By creating new networks of industrial components and factories, complexity is induced into the system. This complexity can become an issue in case of errors, faults, failures, or security attacks of a single component that might influence other parts of overall CPS due to cascading failures [25]. While some of the cascading failures might be avoided by incorporating robustness principles into the design and implementation process of CPS (e.g. [43]), we assume that there will be always failure situations that will require human interventions. However, finding root causes in failure situations requires more effort and becomes costly, if systems are connected. Maintenance work in the new complex context of CPS requires interdisciplinary skills and high competencies, such as knowledge about the technologies, economic and legal factors, social and communicational skills and willingness to learn [33]. Based on these high requirements and the present shortage in highly-skilled workers it would be desirable to have intelligent systems that support humans in the analysis and handling of failures in CPS. With this paper, we want to focus on the question on how to help human users to understand root causes of complex failure situations. More specifically, we address the topic of interactive alarm flood reduction in CPS scenarios, an interactive machine learning (iML) approach to find root causes of complex failure situations. With this paper, we present a first prototype of an assistive system that can help users to find root causes of alarm floods by using machine learning technologies.

The rest of the paper is organized as follows. Section 2 gives an overview on related work in the research areas of assistive systems for error-handling, alarm flood reduction and iML. Section 3 shortly describes the research through design method that is the foundation for our research method. Section 4 proposes our concept of interactive alarm flood reduction. Section 5 describes our prototype in detail, followed by a discussion of the results, a conclusion and outlook in Sect. 6.

2 Related Work

In this section, we will provide an overview of the current research regarding three fields: First, we will present previous assistive systems in the context of error-handling. Second, we will show previous machine learning methods for alarm flood reduction and third, we will present the young research field of iML.
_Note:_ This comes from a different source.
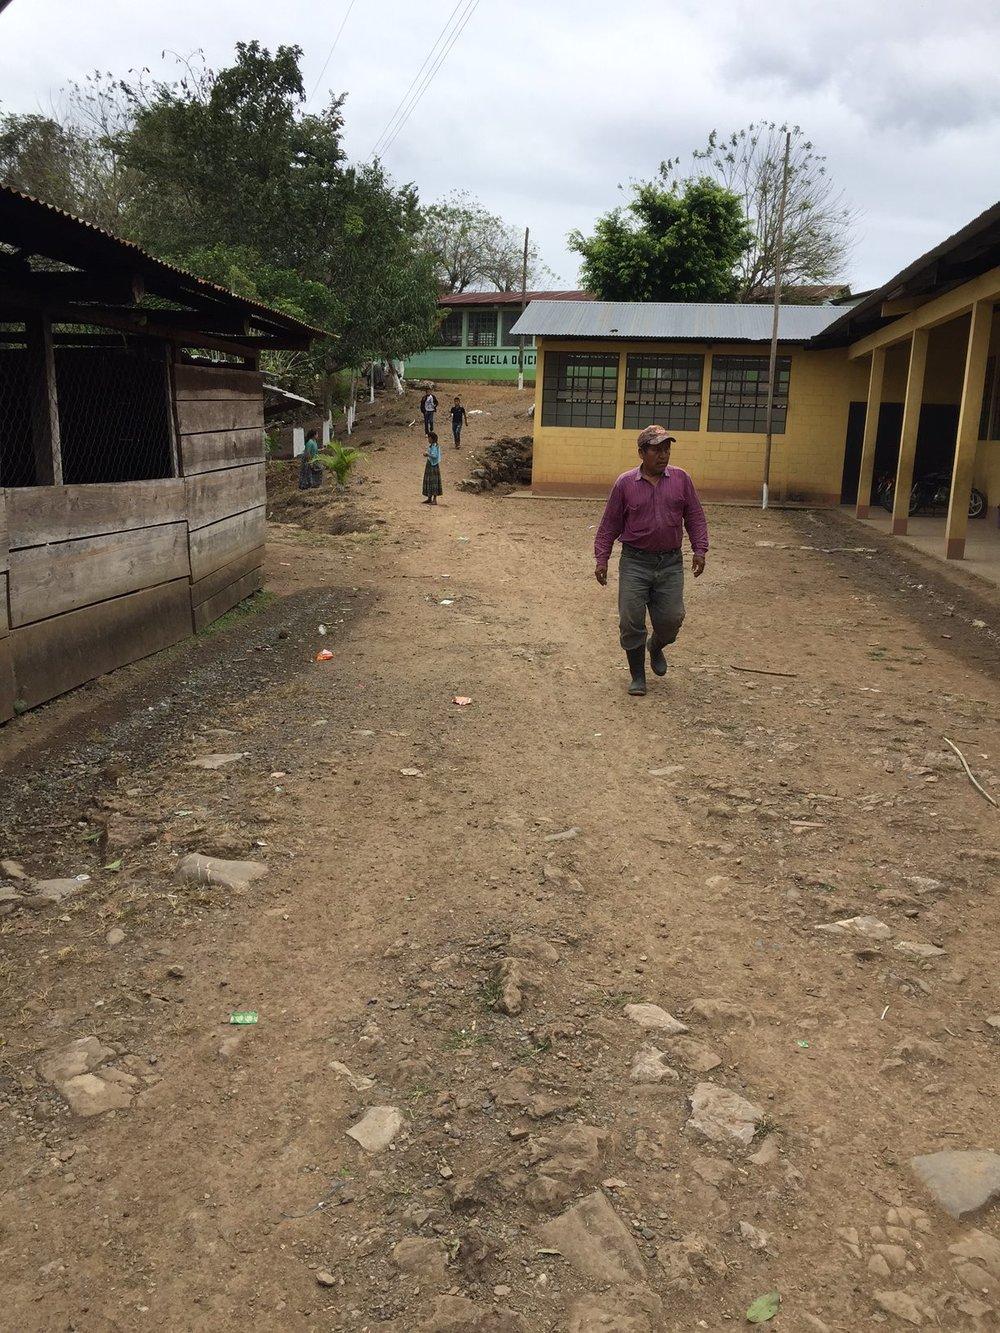 village of Tzalamtun, Cahabon, Alta Verapaz, Guatemala.

2.1 Assistive Systems for Error-Handling

There has been a lot of research work on the topic of assistive systems to support work processes in the future of industrial production and many overview works and surveys exist, e.g. on how to support users with Augmented Reality (AR) in industry [5, 14]. However, only few proposed systems considered the support in complex error situations and focus mainly on a non-interactive visualization. Folmer et al. [15] present a system called Automatic Alarm Data Analyzer (AADA) that use machine learning algorithms to reduce alarm floods and a three-dimensional visualization to show only the most important information to an operator. In a similar way, Laberge et al. [24] analyzed different alarm summary display designs for the visualization of complex error situations. They compared a list-based presentation with a time-series presentation showing icons and summarized descriptions. According to their study, the latter presentation led to fewer false user responses. Another work in this domain by Renzhin et al. [31] analyses and visualizes communication data between machines in CPS in various way. By choosing the appropriate visualization, users are empowered to find errors more easily. Furthermore, the system can find deviations from the normal state of the system and reports such errors automatically to the user.

2.2 Alarm Flood Reduction

The topic of alarm flood reduction gained attention from the process industry after incidents like the explosion at the Texaco Refinery in Milford Haven [17]. As a result, the non-profit organization Engineering Equipment & Materials Users’ Association (EEMUA) created the guideline EEMUA 191 [10]. The quasi-standard EEMUA 191 for alarm management recommends to have only one alarm per 10 min. Based on this, further standards such as ANSI/ISA-18.2-2009 [28] or IEC62682:2014 [9] have been developed. With the vision of industry 4.0 this topic has an increasing importance also for other industrial branches. Several approaches to address the topic of alarm floods exist. Most of them deal with clustering similar alarms together. A good overview about different approaches is provided by Wang et al. [39].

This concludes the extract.